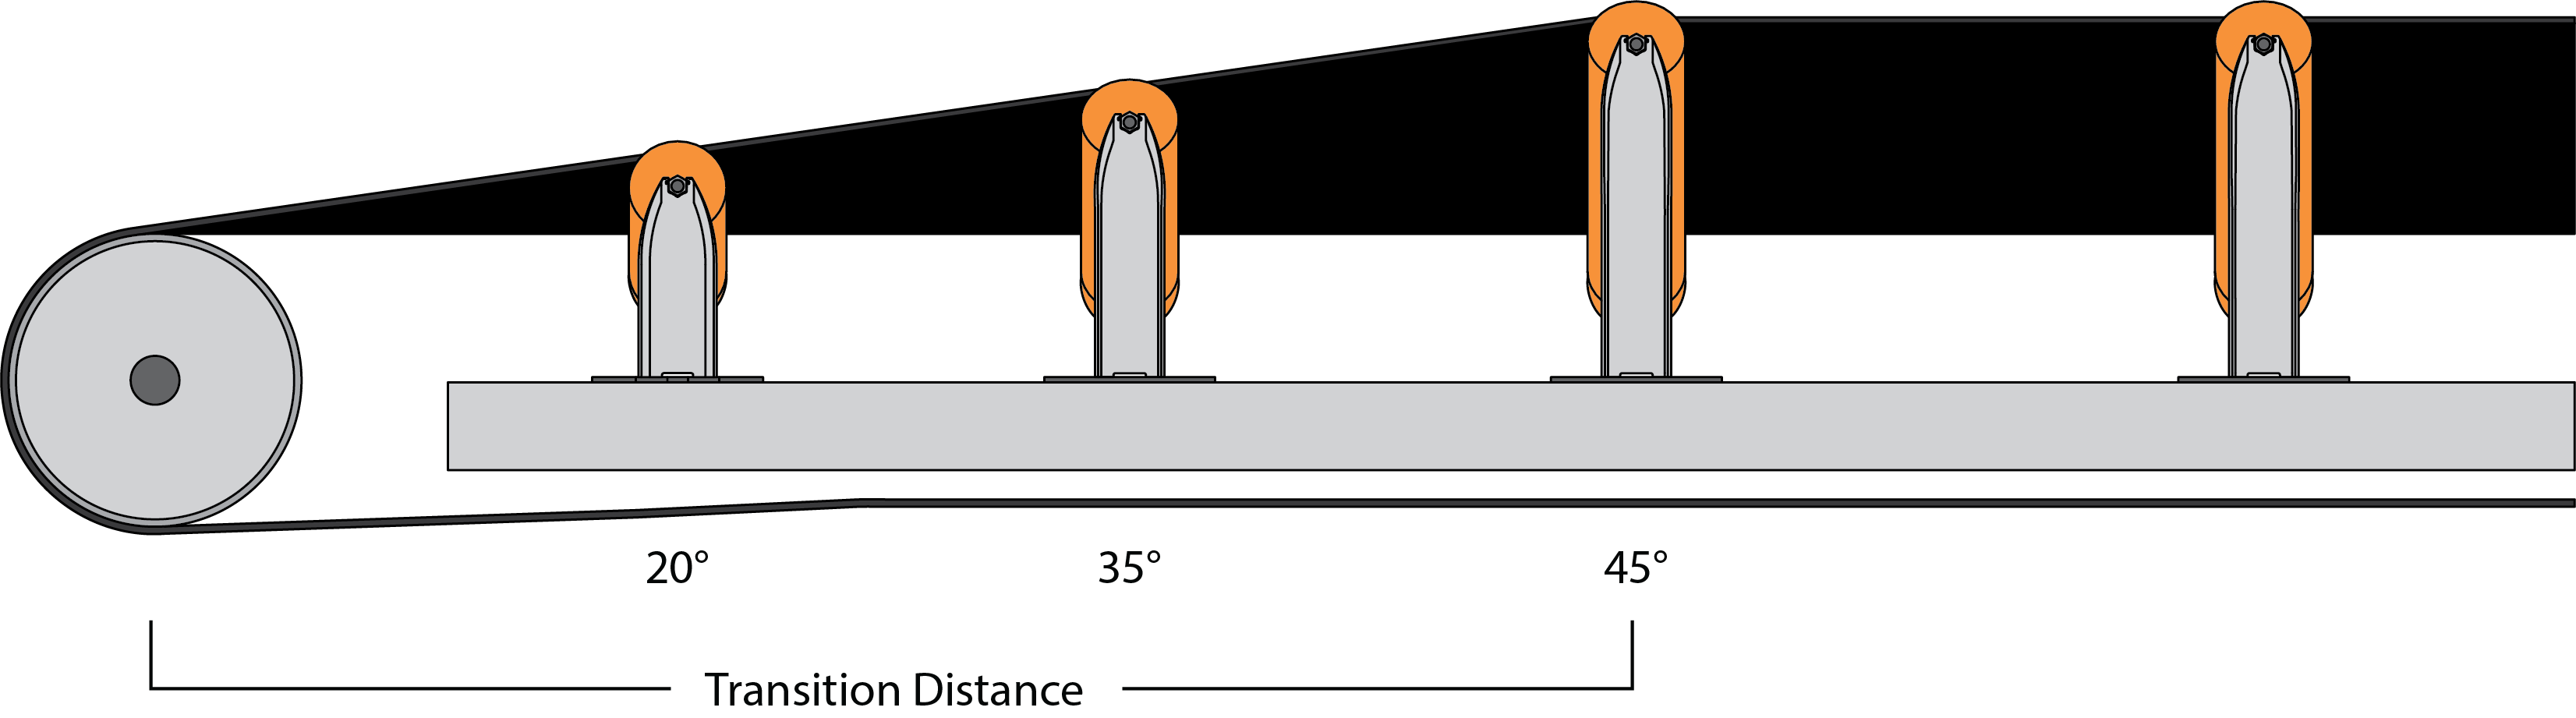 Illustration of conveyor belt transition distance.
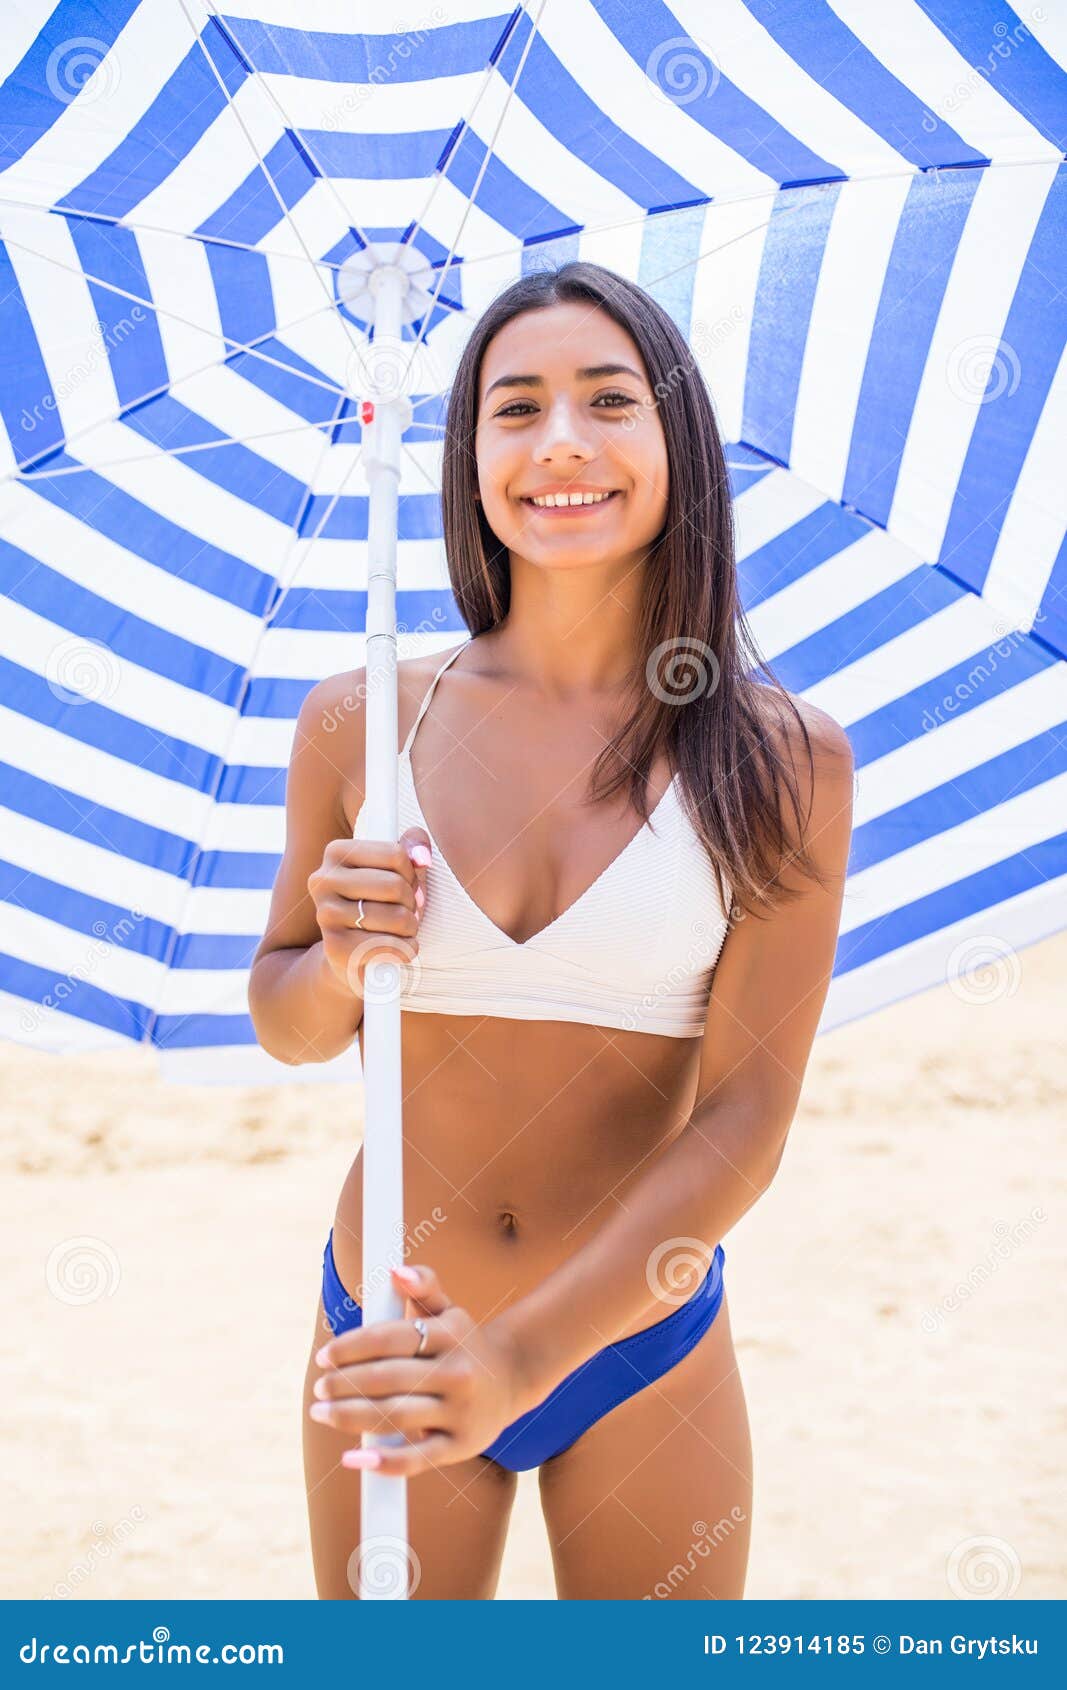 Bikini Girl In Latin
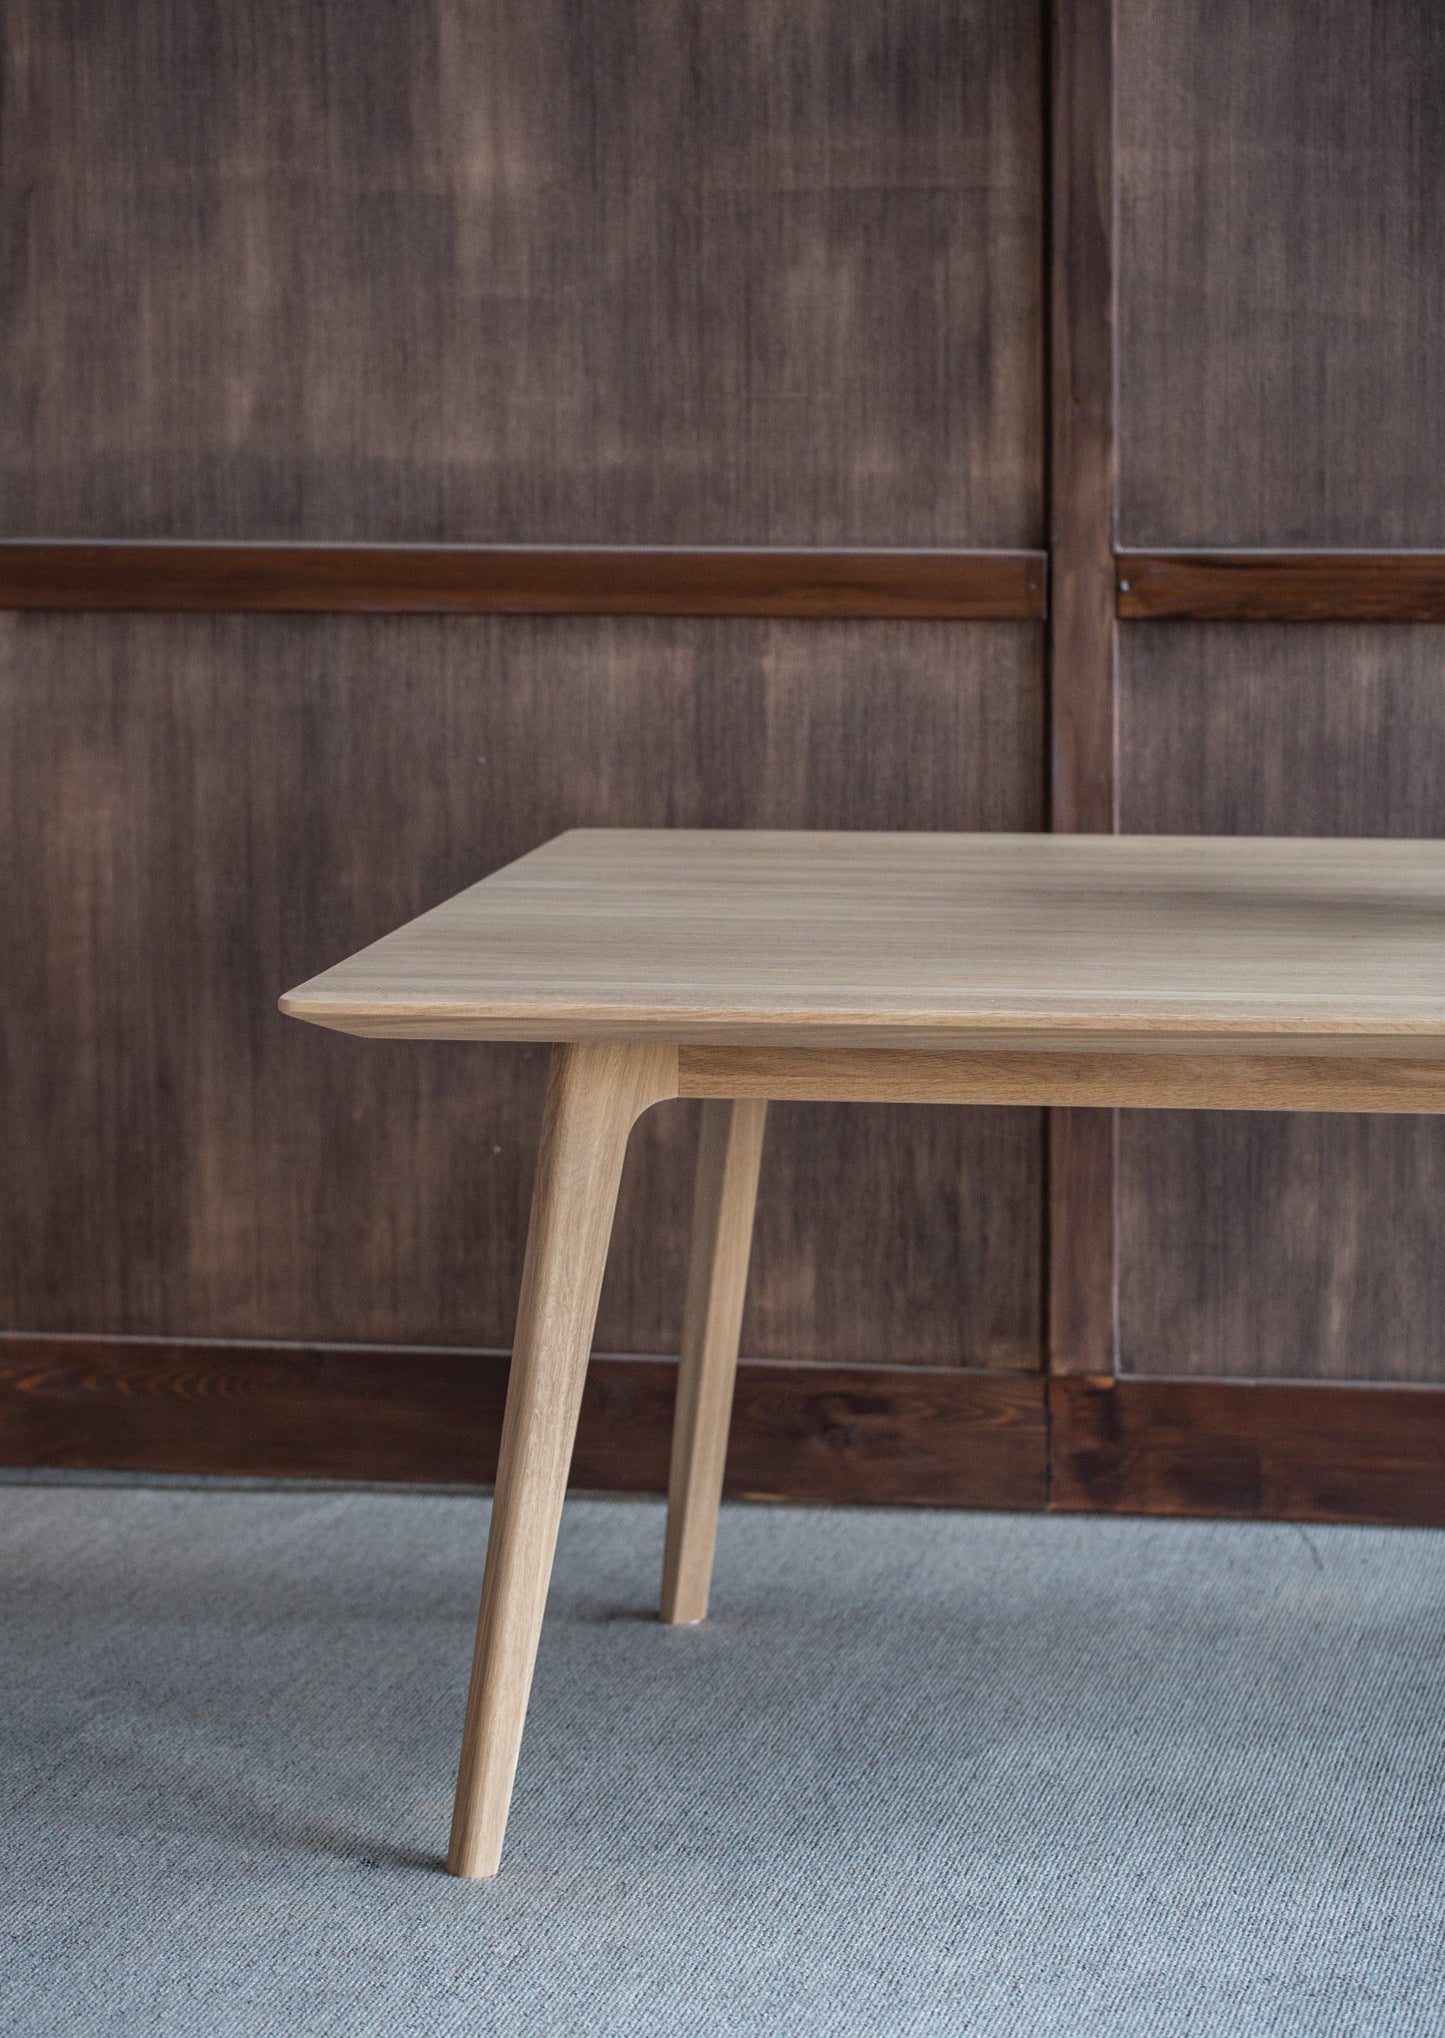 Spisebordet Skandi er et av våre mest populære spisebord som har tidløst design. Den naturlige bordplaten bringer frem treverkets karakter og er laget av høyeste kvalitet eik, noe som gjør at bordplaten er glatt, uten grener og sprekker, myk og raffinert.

※ ※ ※

--- WORK ITEM ---
Since the pictures are not wanted, give the material again exactly without them.

--- RESPONSE TO THE EXERCISE ---
 Illustration of conveyor belt transition distance.
 Bikini Girl In Latin
 Spisebordet Skandi er et av våre mest populære spisebord som har tidløst design. Den naturlige bordplaten bringer frem treverkets karakter og er laget av høyeste kvalitet eik, noe som gjør at bordplaten er glatt, uten grener og sprekker, myk og raffinert.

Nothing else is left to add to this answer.